November 10, 2005

A Night of Hard Labor

What an upset! They say that if Peres stood against himself, he would also lose. But I thought it was quite ironic that on the same night as Peres lost the support of his Labor party in Israel, Tony Blair lost the confidence of his Labor party in Britain.
In an unprecendented rebellion against the leader who had just won their party a record 3rd election victory, Labour MPs defeated Blair's motion to extend the detention of terrorist suspects to 90 days. He had proposed this motion on a police recommendation that this was the time-span needed to analyse evidence, computer and email data, track down cellphone records and call origins, and all that goes with the busting of well organised and oil-funded terror cells. One assumes the anti-terrorist police in the UK know what they are doing. One also assumes Tony Blair is privy to the inside story of terrorist intentions, whether already foiled or still planned, in the UK. So why fight the measure? Well, for the lame duck Conservative opposition - themselves in the midst of another boring leadership election - this was a golden opportunity to humiliate a Prime Minister fresh from an election victory. Playing politics with the safety and security of voters will ultimately cost them dear. But for the Labor MPs who voted against their own leader, it was all about civil liberties. Forget the fact that for each 7-day segment of the 90 day detention, police still had to get clearance from a judge specialising in terrorist prosecutions. The rights of suspects linked to terrorism must be respected over and above the security of citizens going about their lawful daily lives.

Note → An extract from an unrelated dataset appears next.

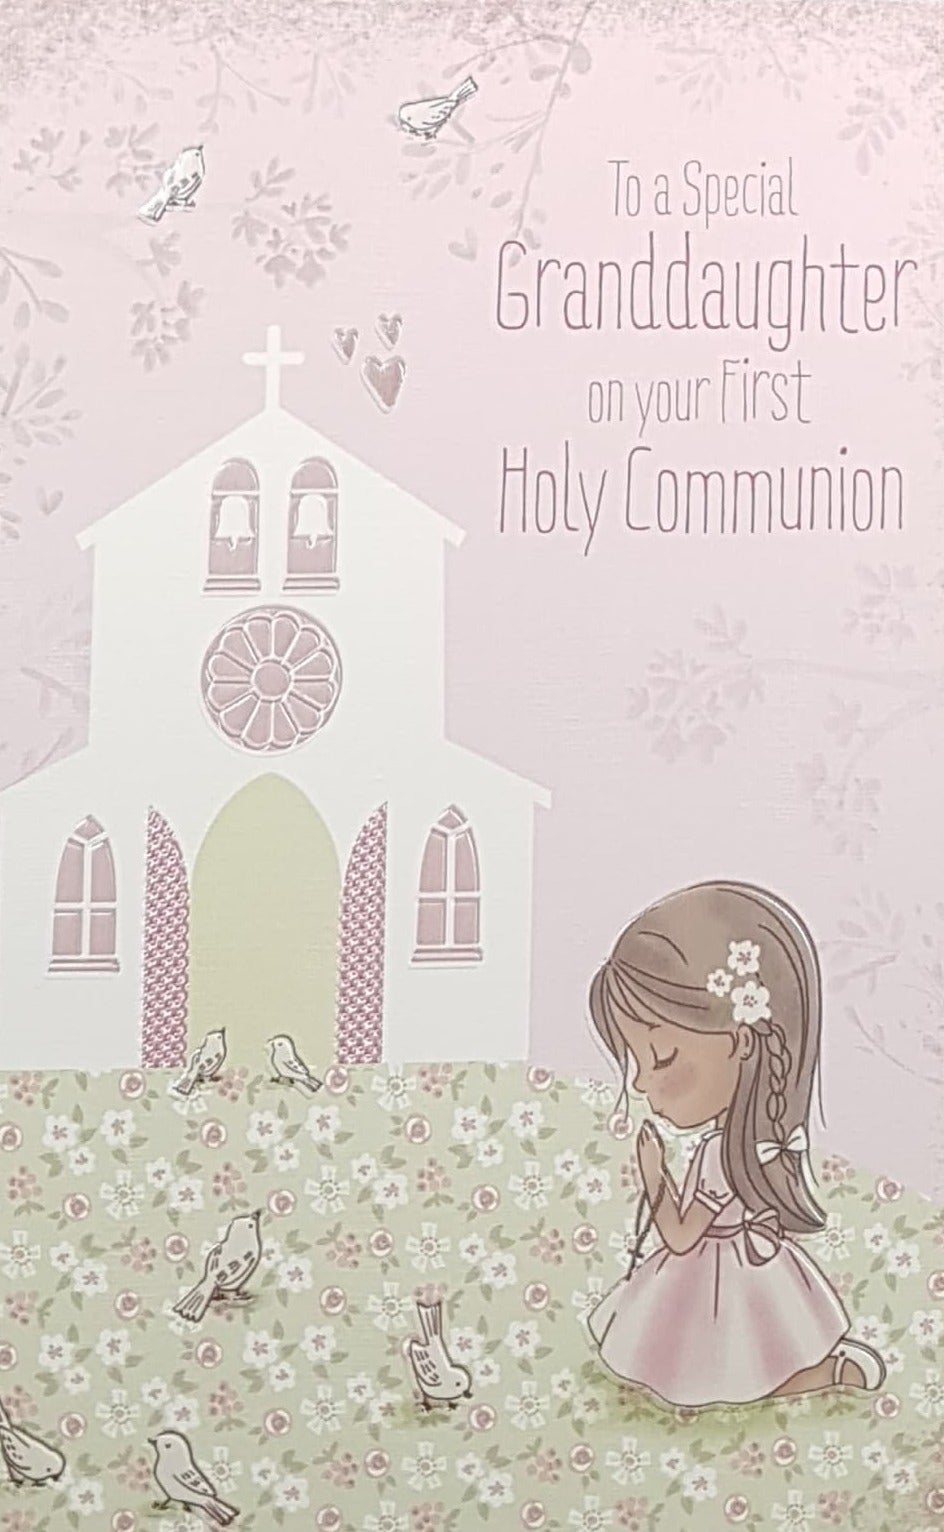 Communion Card - Granddaughter / A Pretty Girl Praying & White Birds
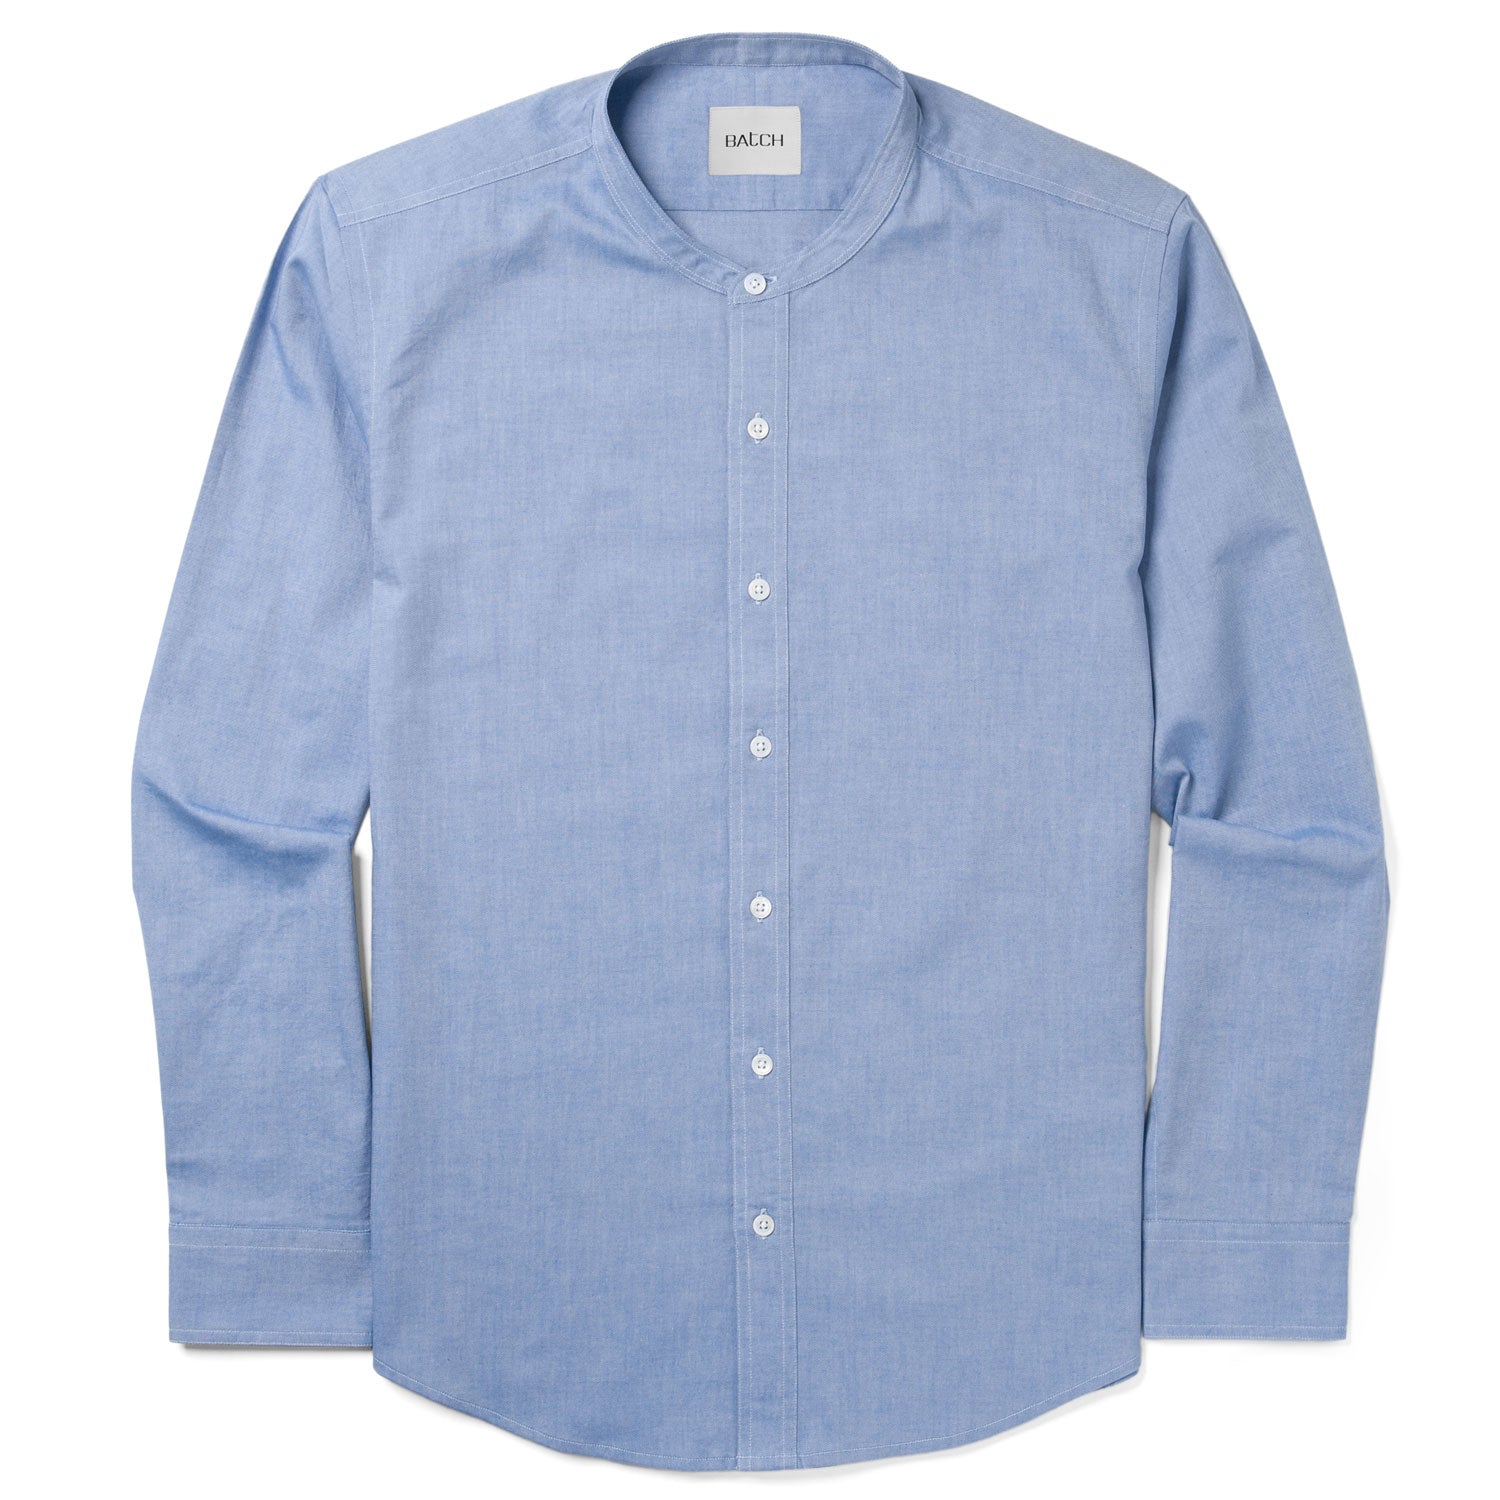 Essential Band Collar Button Down Shirt - Classic Blue Cotton Oxford

Fast forward. Two Englishmen are sitting on a bench in London's Hyde Park after a radioactive "dirty bomb" was exploded in the City and airborne anthrax was released at a dozen subway intersections. Both are retching from radiation sickness and bleeding from sores. This is their exchange.

"Well old chap, it looks like we're all done for."
"Yeh mate," says the other.
"We've lost our lives, our country, our whole future."
"Yeh mate. But at least we've still got our civil liberties."